Opinião

Quanto vale a marca Centeno?

Fotografia: REUTERS/Francois Lenoir
Fotografia: REUTERS/Francois Lenoir

Qualquer um de nós possui uma marca pessoal – pode é geri-la ou não de forma efetiva

Na sociedade competitiva de hoje as marcas assumem uma enorme relevância, funcionando como fatores de diferenciação. Nesse sentido, são verdadeiros ativos na medida em que valorizam os produtos e serviços para além da sua qualidade intrínseca. O valor de uma marca depende essencialmente de três aspetos: da sua notoriedade, da imagem que possui no mercado e do envolvimento – tanto funcional como emocional – que alcança junto dos clientes e outros stakeholders.

No entanto, não são apenas as empresas que têm de gerir marcas. Também os profissionais devem procurar diferenciar-se dos seus pares através de estratégias de marketing pessoal que, assegurando-lhes um posicionamento distintivo no mercado, potenciem o êxito profissional e o equilíbrio enquanto indivíduos.

Qualquer um de nós possui uma marca pessoal – pode é geri-la ou não de forma efetiva. O impacto mediático e o sucesso são sem dúvida potenciadores do valor da marca pessoal. É por isso que não tenho dúvidas em afirmar que Oprah Winfrey e Richard Branson são marcas fortíssimas, tal como, aliás, acontece com Siza Vieira ou José Mourinho.

O mesmo se aplica à área política. Quanto vale, por exemplo, a marca Mário Centeno? Sem pretender banalizar a questão utilizando o marketing de forma abusiva, a resposta àquela pergunta começa pela identificação dos “segmentos de mercado” em que o ministro das Finanças atua. E, duma forma clara, são essencialmente dois: o interno e o externo.

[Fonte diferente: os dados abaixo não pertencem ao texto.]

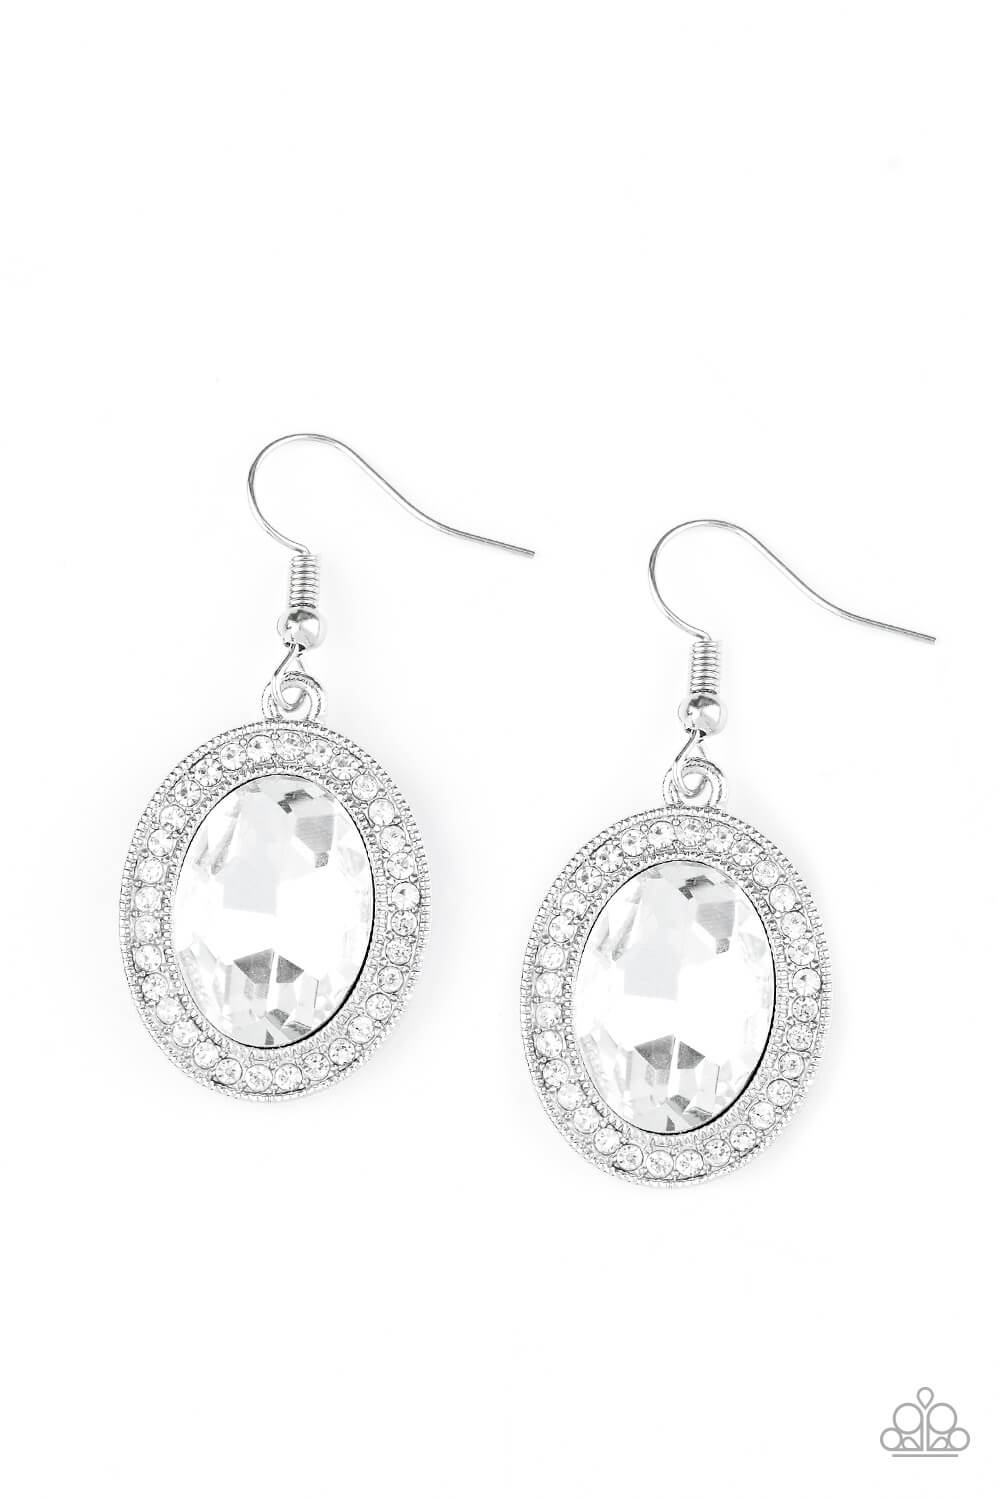 Only FAME In Town - White Earrings - Princess Glam Shop

Comecemos por este último. Não há dúvidas de que Centeno possui uma reputação significativa junto das principais entidades internacionais, não só no domínio político mas também financeiro. Prova disso foi a nomeação para presidente do Eurogrupo em dezembro de 2017. O valor da sua marca pessoal pode medir-se pelo maior ou menor impacto que tem no rating da dívida portuguesa que, em última instância, se reflete nas taxas de juro que nos são aplicadas.

Não é fácil dizer quanto é que Portugal poupa no serviço da dívida em virtude do valor da marca pessoal do titular da pasta das Finanças, mas é certamente muito.

No mercado interno, o seu valor não se mede em poupança de juros mas em votos. Ao associar à “marca Centeno” uma imagem de equilíbrio das contas públicas, o eleitorado confia – quem sabe se ingenuamente! – que nos próximos tempos não haverá sobressaltos financeiros. Para mal do PSD e do CDS, que tradicionalmente apostam numa imagem de rigor, Mário Centeno ganhou um capital de confiança que, em última instância, se irá traduzir em votos no PS.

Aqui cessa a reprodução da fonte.